- _EXERCISE DETAILS_: Quote exactly the lines from the one with "PANTONE 4107 C - Colorxs Trinity Palette" to the end of the data, both included; omit the pictures.

- _DATA EXCERPT_:
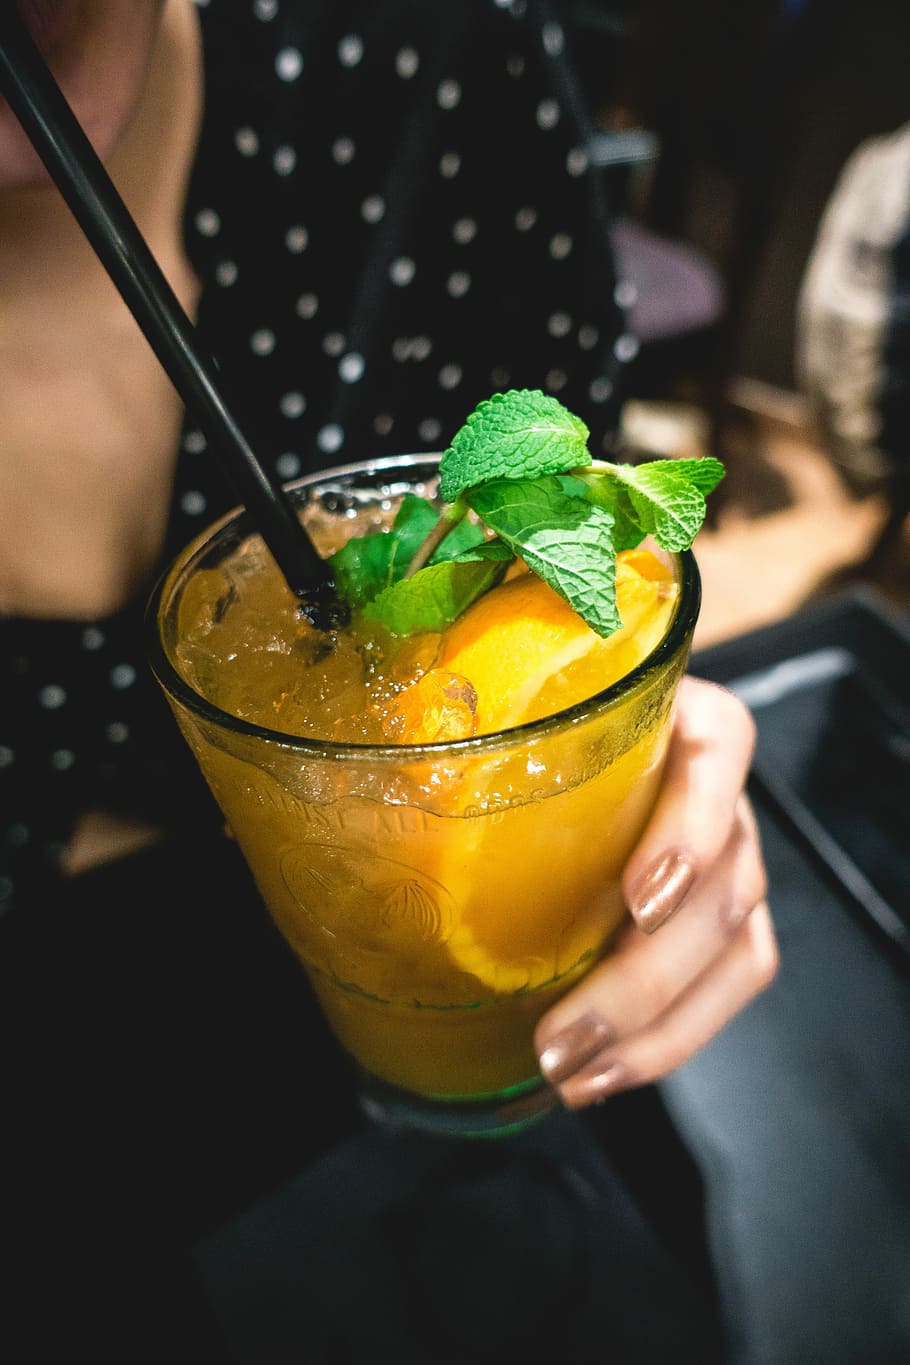 Orange juice drink with mint, bar, close up, hands, cocktail
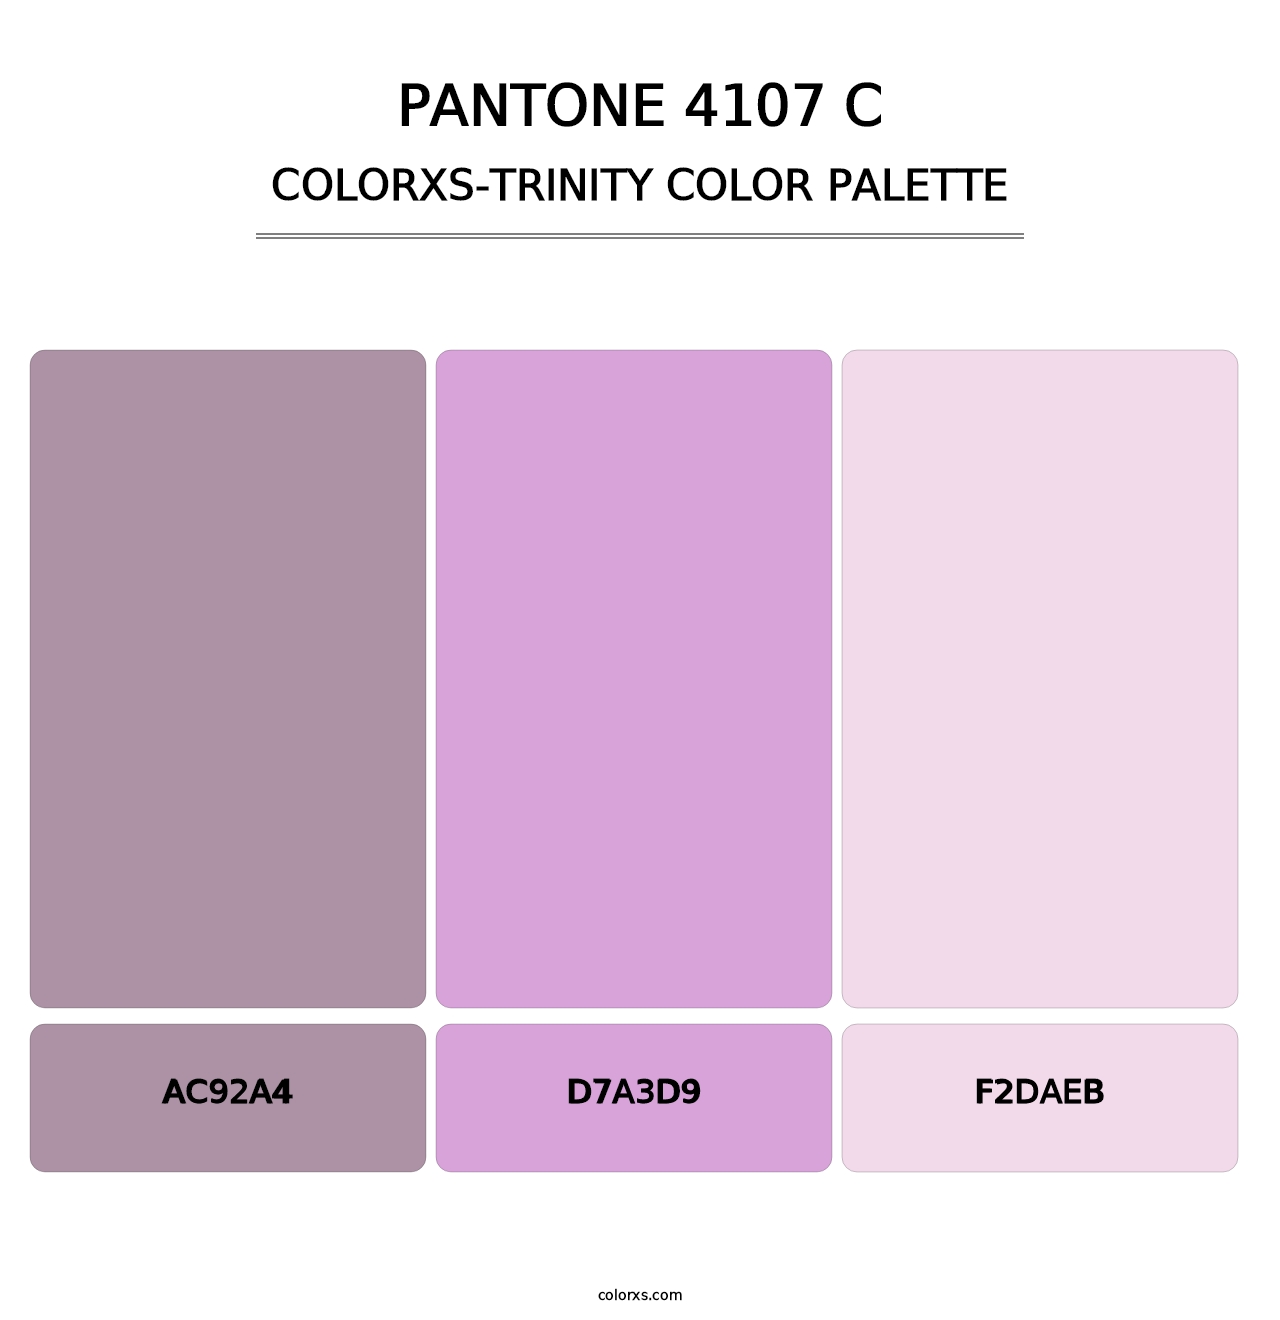 PANTONE 4107 C - Colorxs Trinity Palette
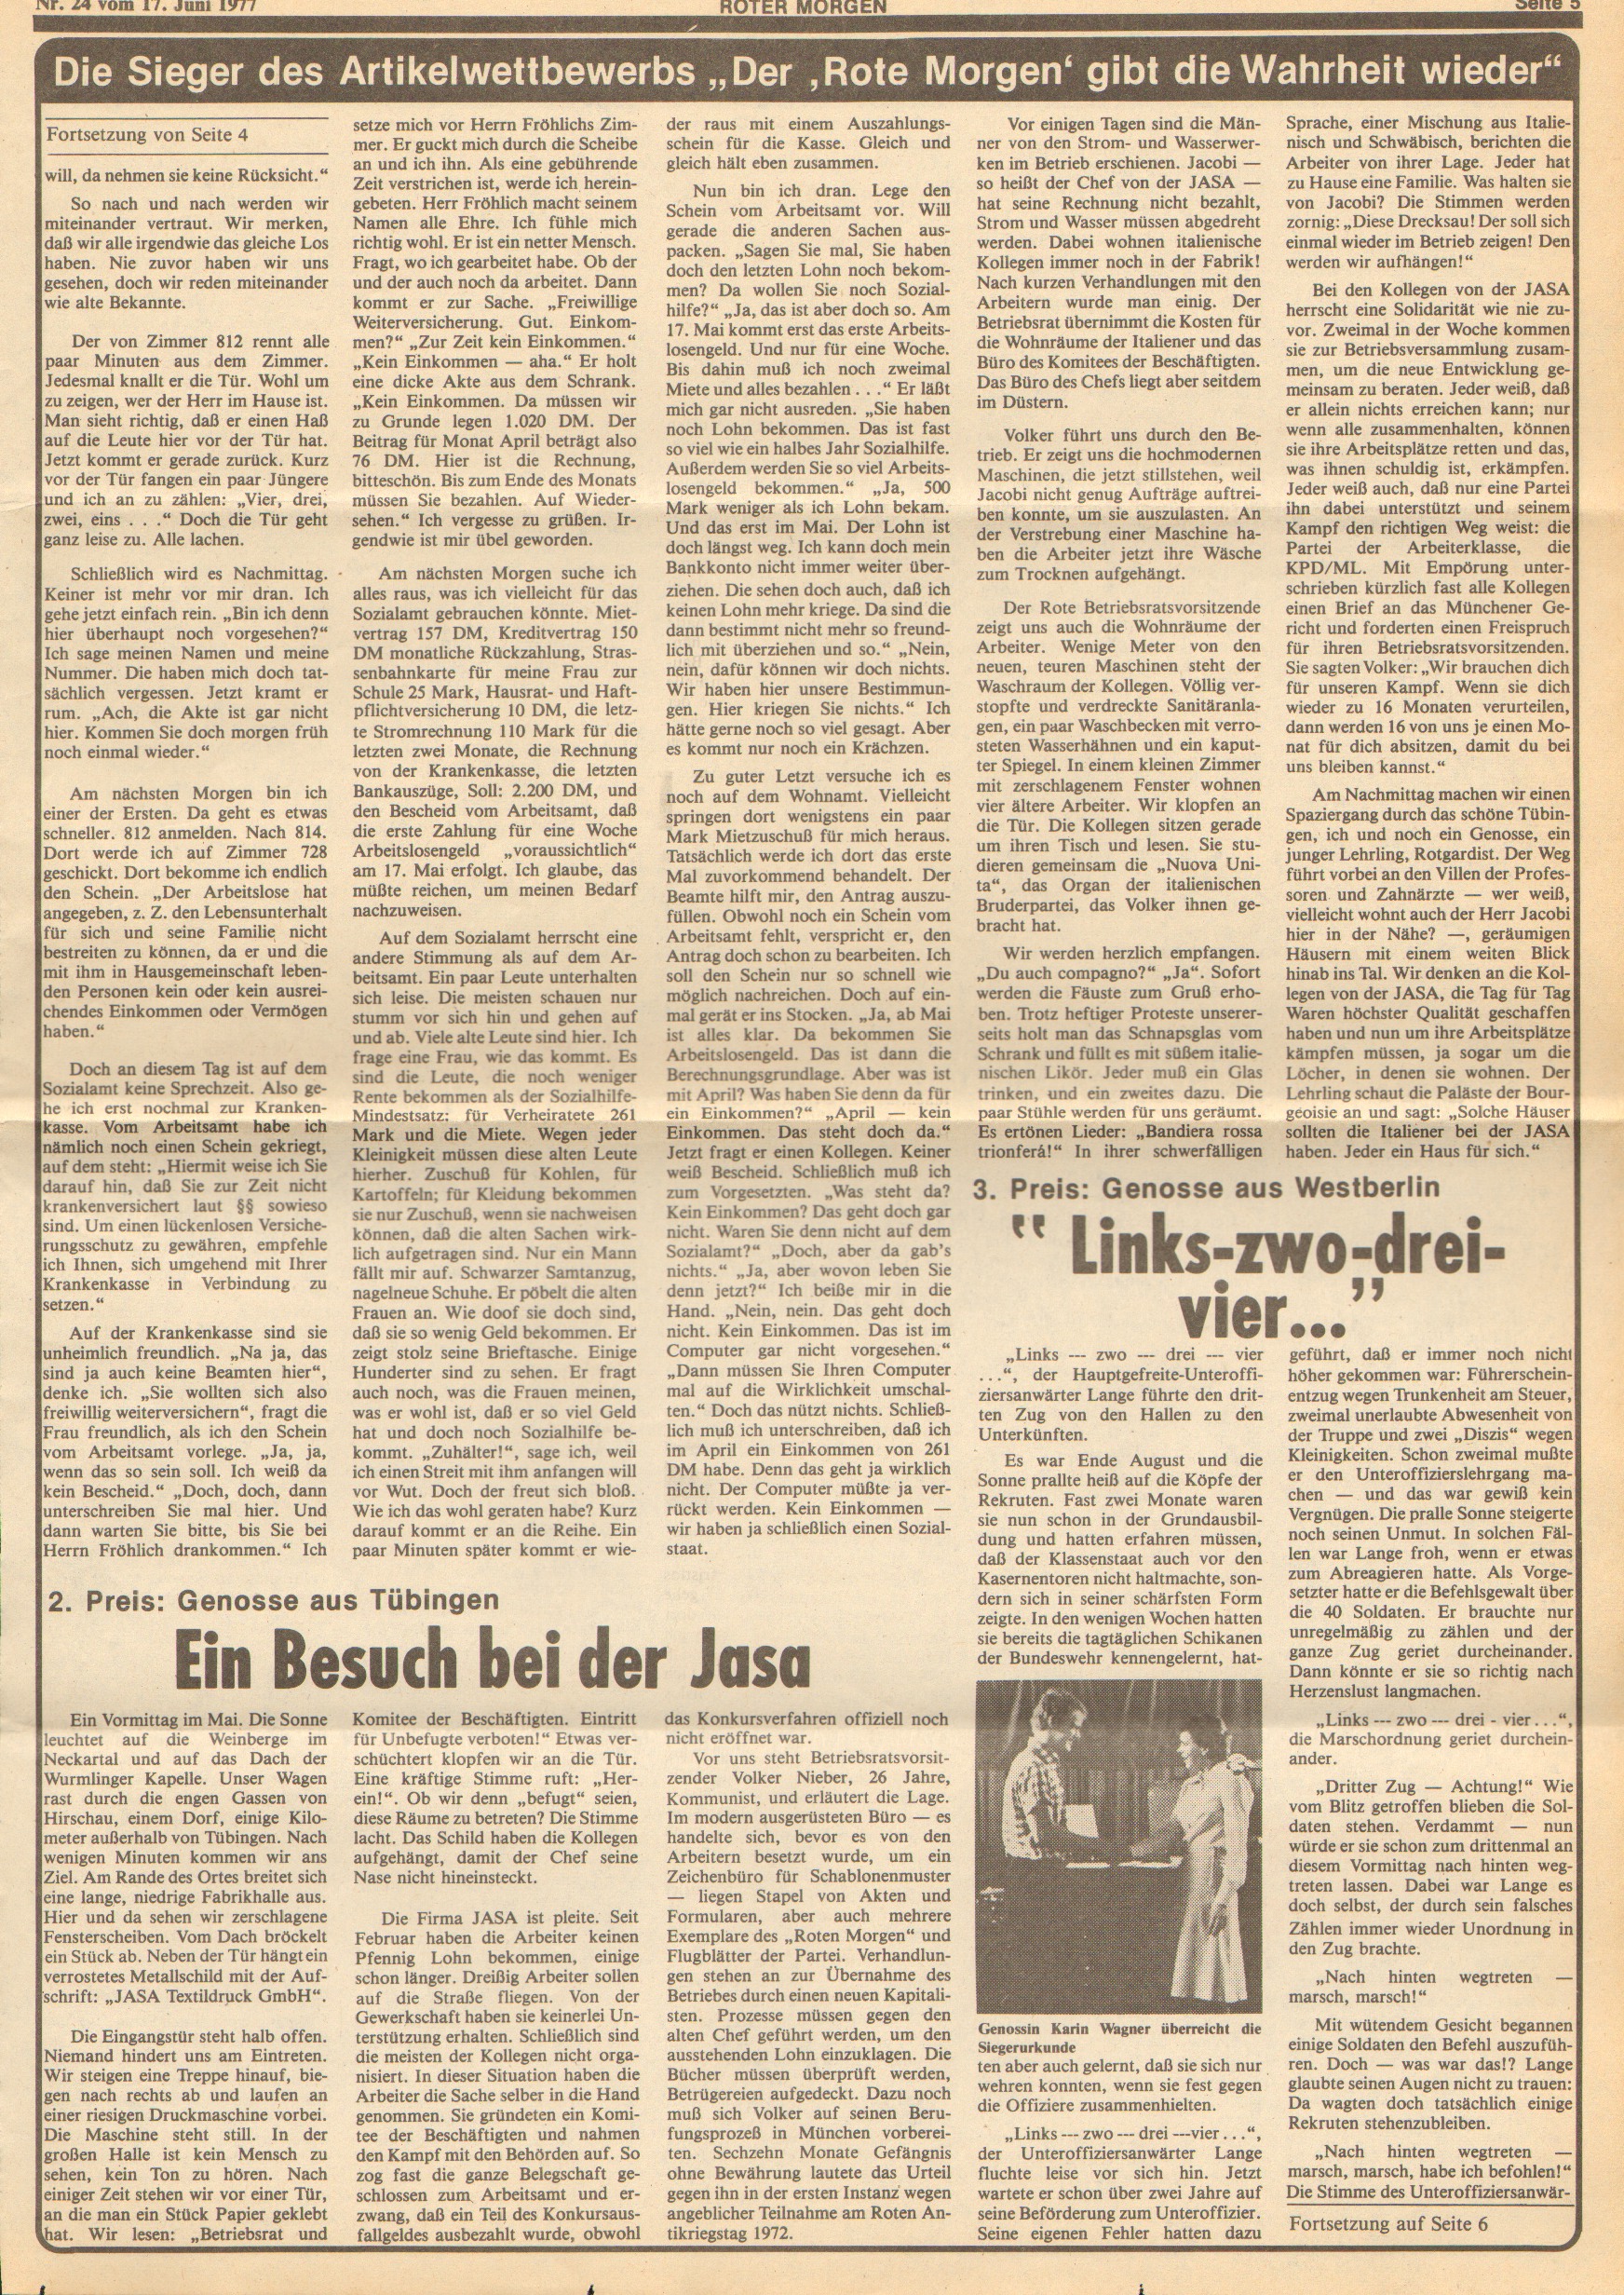 Roter Morgen, 11. Jg., 17. Juni 1977, Nr. 24, Seite 5

- _FINISHED TASK_:
 PANTONE 4107 C - Colorxs Trinity Palette
 Roter Morgen, 11. Jg., 17. Juni 1977, Nr. 24, Seite 5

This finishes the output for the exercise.